Employers in the UK have a responsibility to protect their employees. Not doing so could lead to claims such as constructive dismissal, harassment and personal injury claims. Staff can even bring claims under the Protection from Harassment Act. Employers should not therefore rely only on the acceptable use policy of their preferred social media platform (assuming they have such a policy). They should ensure that the wording in their policies is extended, if necessary, to make it very clear that the following can all constitute misconduct:
- Harassing a colleague or work contact through social media (including by making inappropriate advances or being too persistent or 'creepy' in one’s attentions)
- Using company systems to harass or act inappropriately towards anyone who is unconnected to the employee’s role, including through social media platforms (whether professional or personal)

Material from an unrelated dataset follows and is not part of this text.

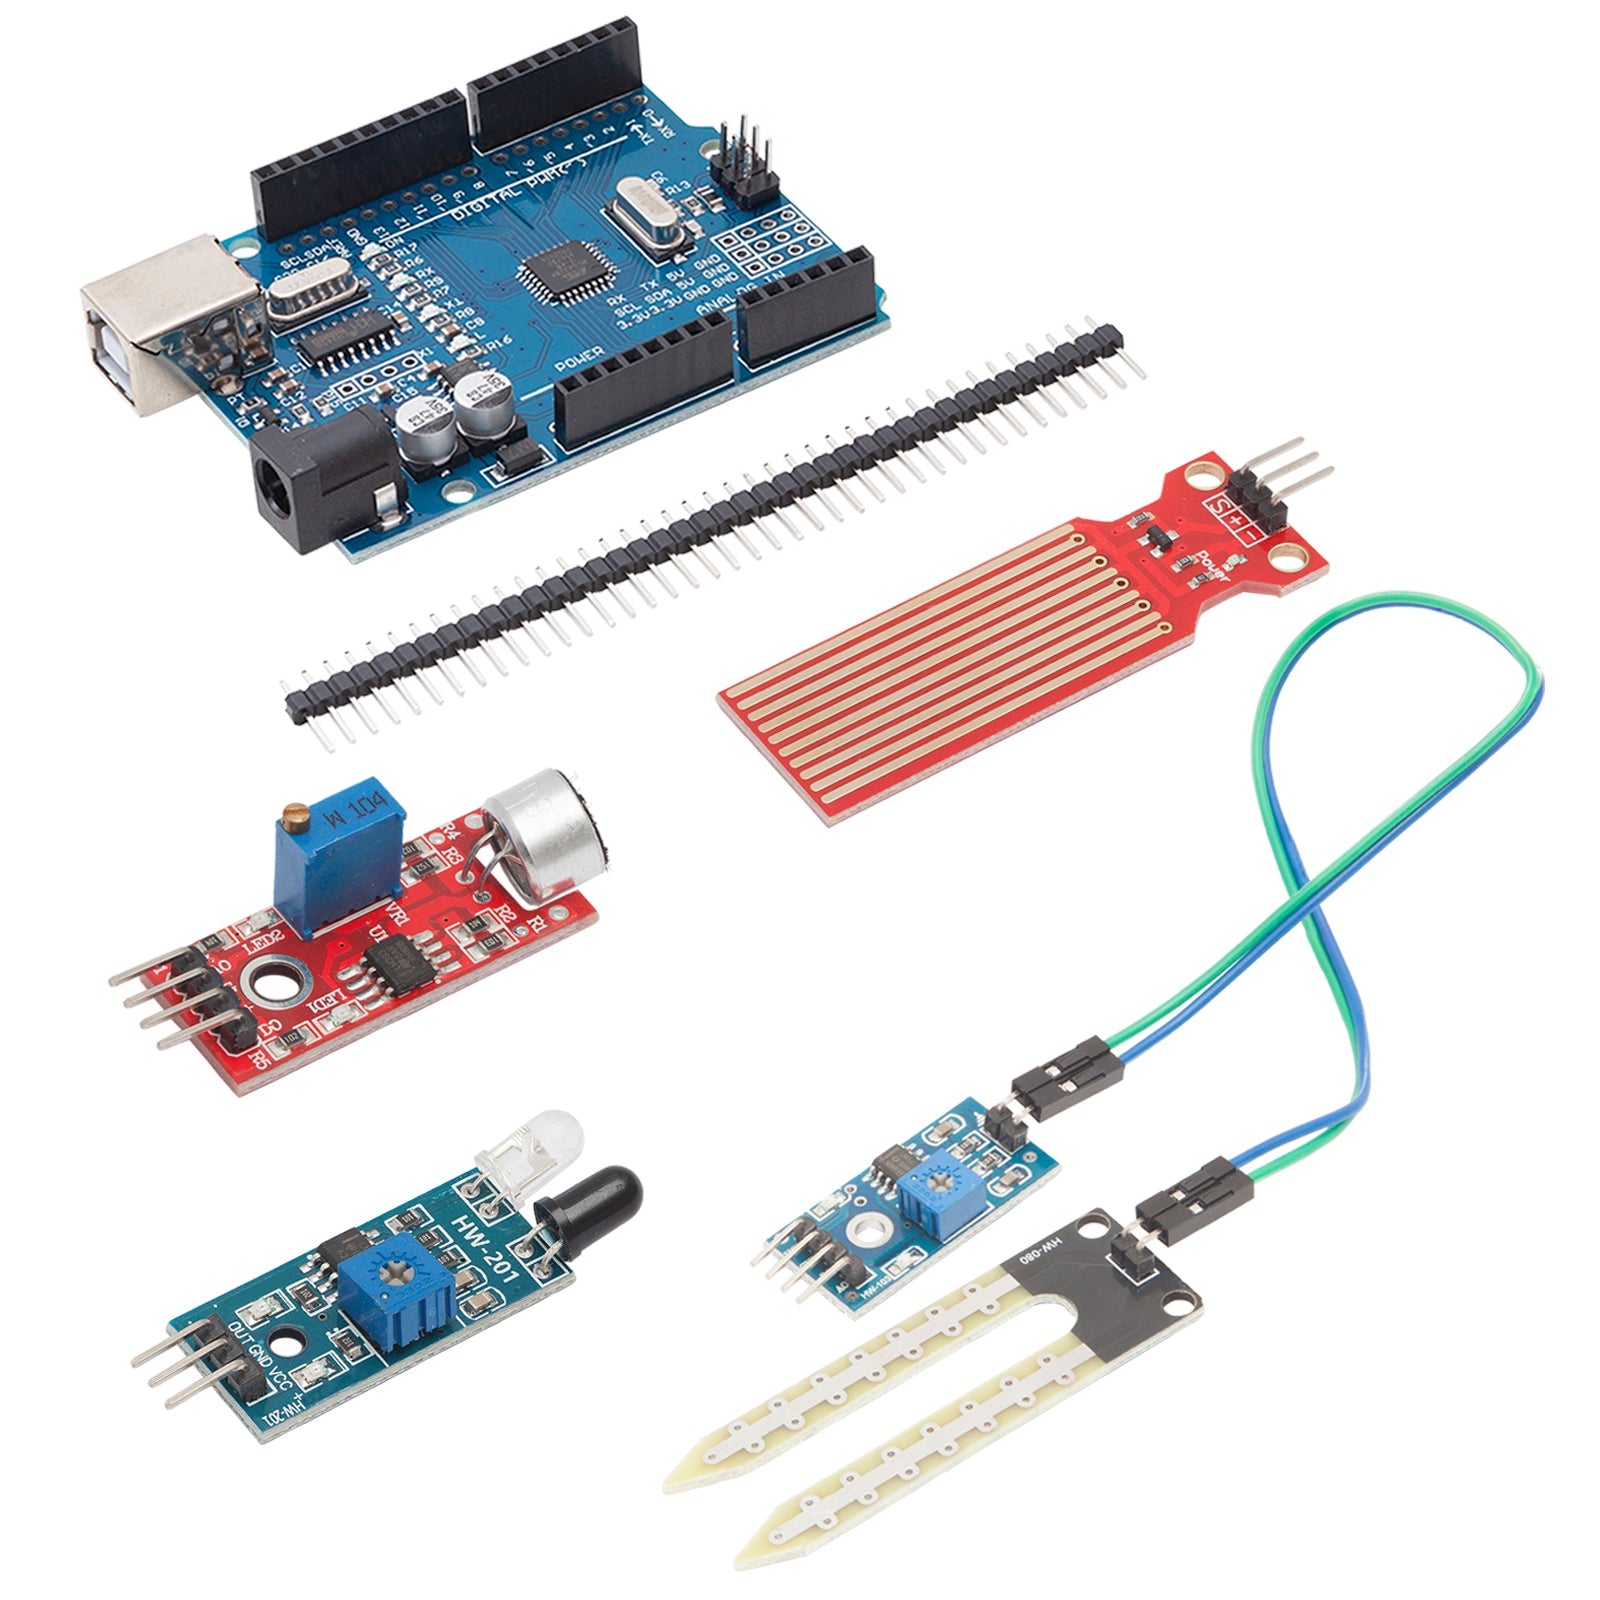 Elektronik Basic Starter Kit mit MCU, Breadboard, Sensor-Modulen und Wiederstand Set kompatibel mit Arduino - AZ-Delivery

- Running the risk of bringing the organisation into disrepute by harassing or stalking a third party, even if that party is completely unconnected to the employee’s work and even if the conduct in question happens through the employee’s own devices.
Making employees aware of these risks should significantly reduce the danger to the employer. In practice this will usually mean not only setting them out in policies, but also providing the necessary training to ensure that the message has not been lost. It is all the more important for organisations to be leading on such issues in the current post-Weinstein climate. Victims of harassment are now much less likely to suffer in silence.